Sharding or not?

I need a database to handle about 3.5 million new devices positions every day, today I’m using mysql, but the having performance issues on reports with many positons, I’m considering to change for a mongodb database, should I consider use sharding or not?

Hello @Cassiano_Cussioli_Si welcome to the community!

If sharding is appropriate for your new deployment, can’t be answered at this point, there are many points to consider. If your dataset fits on a single server, you should begin with an unsharded deployment, while your dataset is small sharding may provides little advantage.

The story will start to think about a good schema design. In case you move the SQL normalized Data Model 1:1 to MongoDB you will not have much fun or benefit.
You can find further information on the Transitioning from Relational Databases to MongoDB in the linked blog post. Please note also the links at the bottom of this post, and the referenced migration guide.
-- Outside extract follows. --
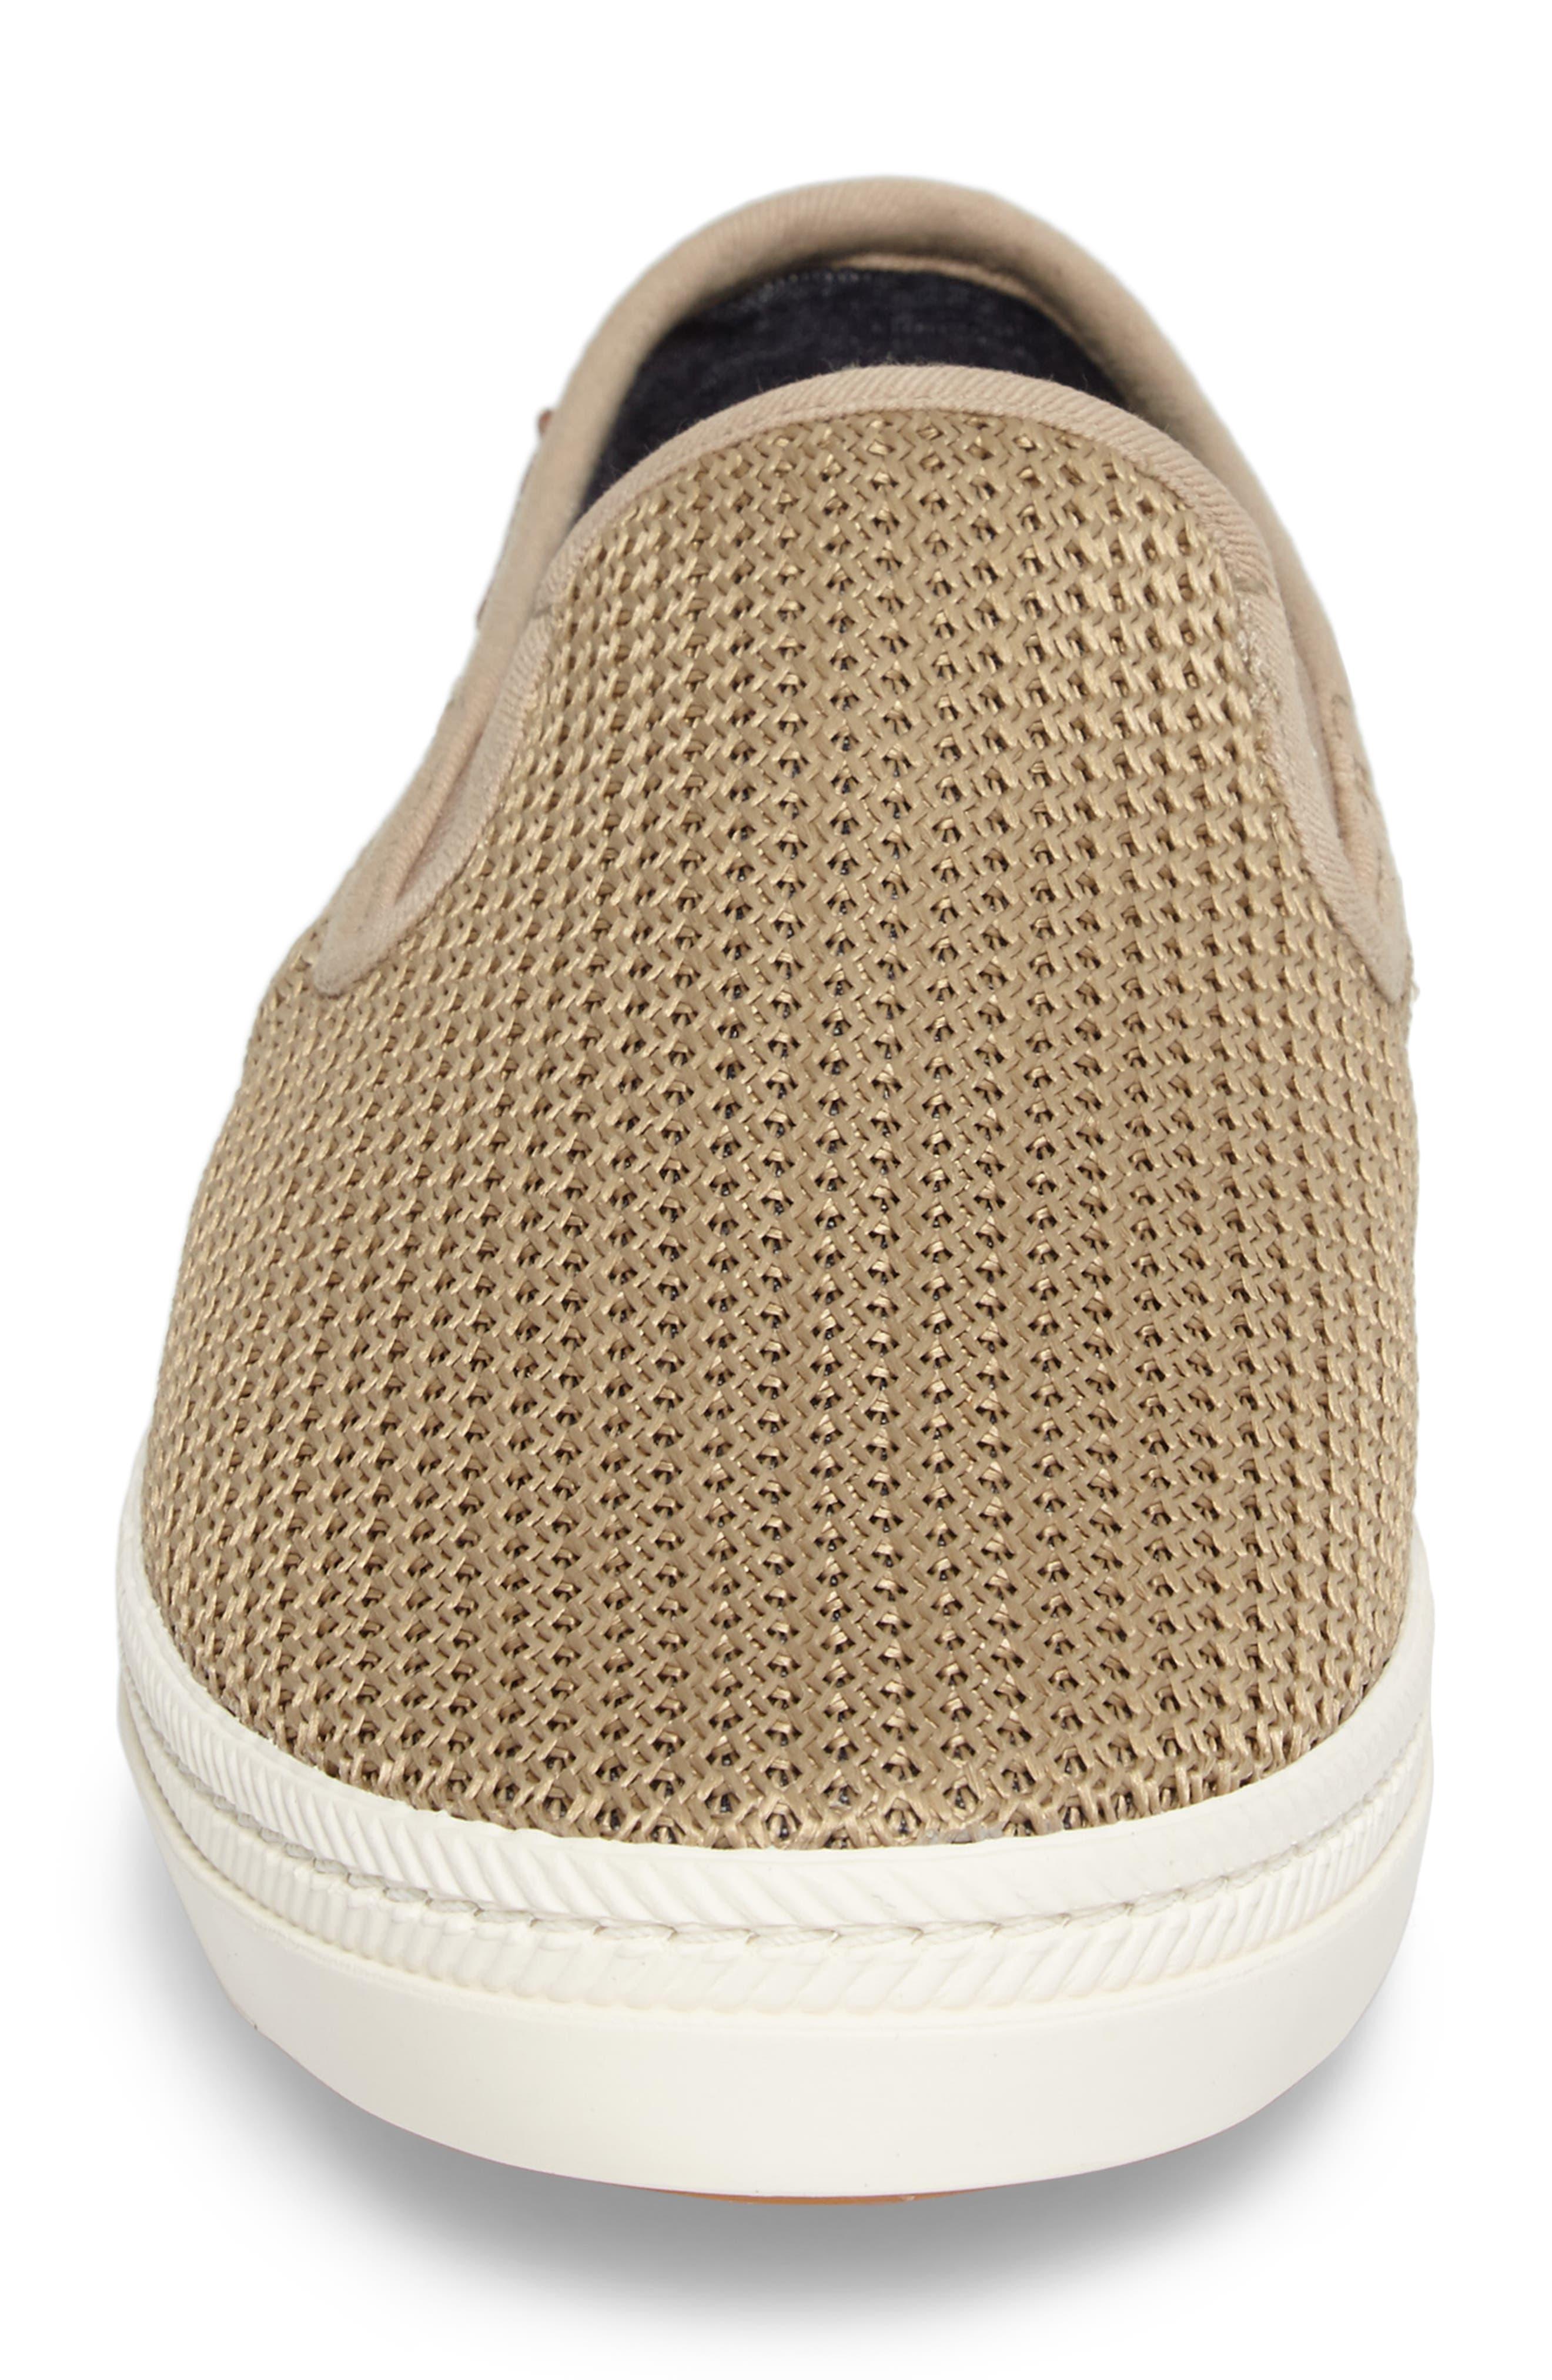 Delray Woven Slip-On Sneaker,                             Alternate thumbnail 4, color,                             252

Since you mention that the current main problem is reporting run time. One option with MongoDB is to have a replicaset with one, or more hidden secondary servers which are dedicated for special tasks e.g. analytics, searches, … the key factor with them is that they can have individual indexes to support their special tasks. This as a starter, please follow this link to find out more about hidden Replicat Set Members.
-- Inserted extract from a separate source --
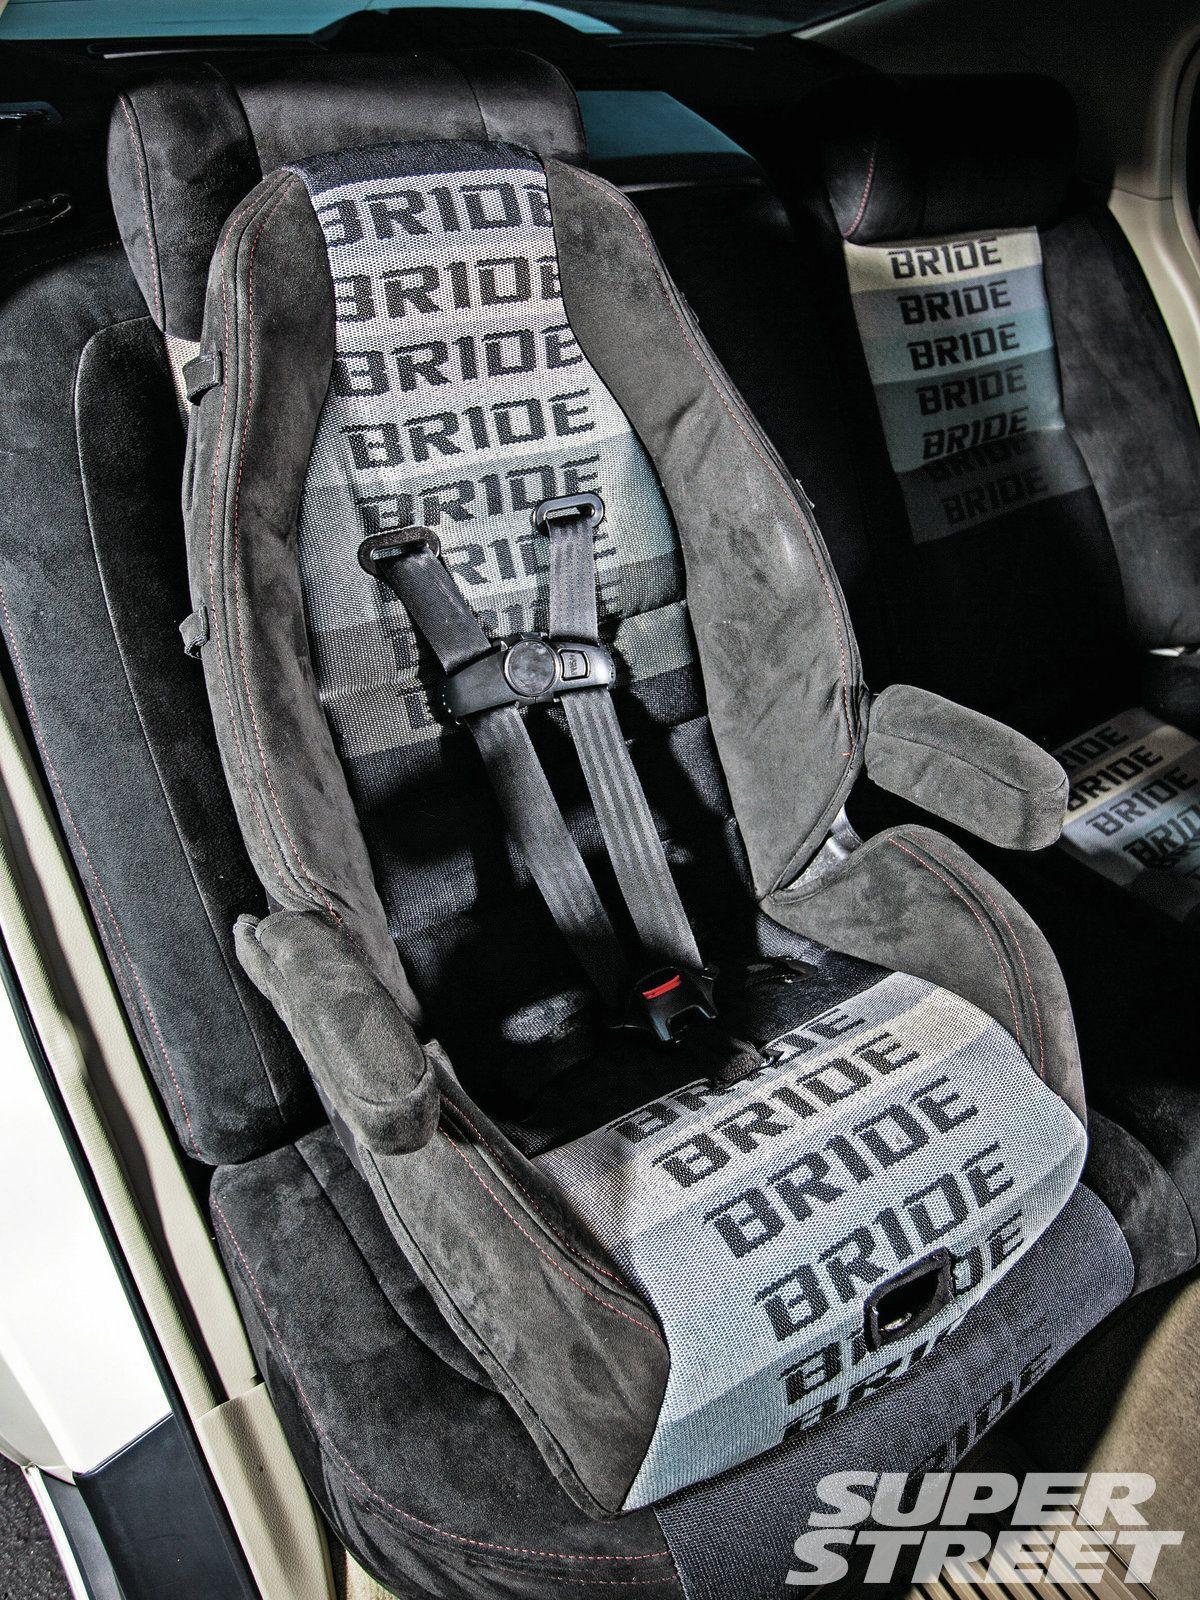 Bride Baby Seat Nie Dostpne S Bridey W

Sharding is a method to horizontal scale your load when vertical scaling gets inefficient.

Horizontal Scaling involves dividing the system dataset and load over multiple servers, adding additional servers to increase capacity as required. While the overall speed or capacity of a single machine may not be high, each machine handles a subset of the overall workload, potentially providing better efficiency than a single high-speed high-capacity server. The other side of the coin is increased complexity.

I’d recommend to start without sharding, find and tune your schema and work from there.

Shadring provides advantages, when your use case fits, as like:

  • Reads / Writes: MongoDB distributes the read and write workload across the shards in the sharded cluster, allowing each shard to process a subset of cluster operations. For queries that include the shard key or the prefix of a compound shard key, mongos (the routing server) can target the query at a specific shard. These targeted operations are generally more efficient than broadcasting to every shard in the cluster.

  • Storage Capacity: Sharding distributes data across the shards in the cluster, allowing each shard to contain a subset of the total cluster data. As the data set grows, additional shards increase the storage capacity of the cluster.

  • High Availability: A sharded cluster can continue to perform partial read / write operations even if one or more shards are unavailable. While the subset of data on the unavailable shards cannot be accessed during the downtime, reads or writes directed at the available shards can still succeed.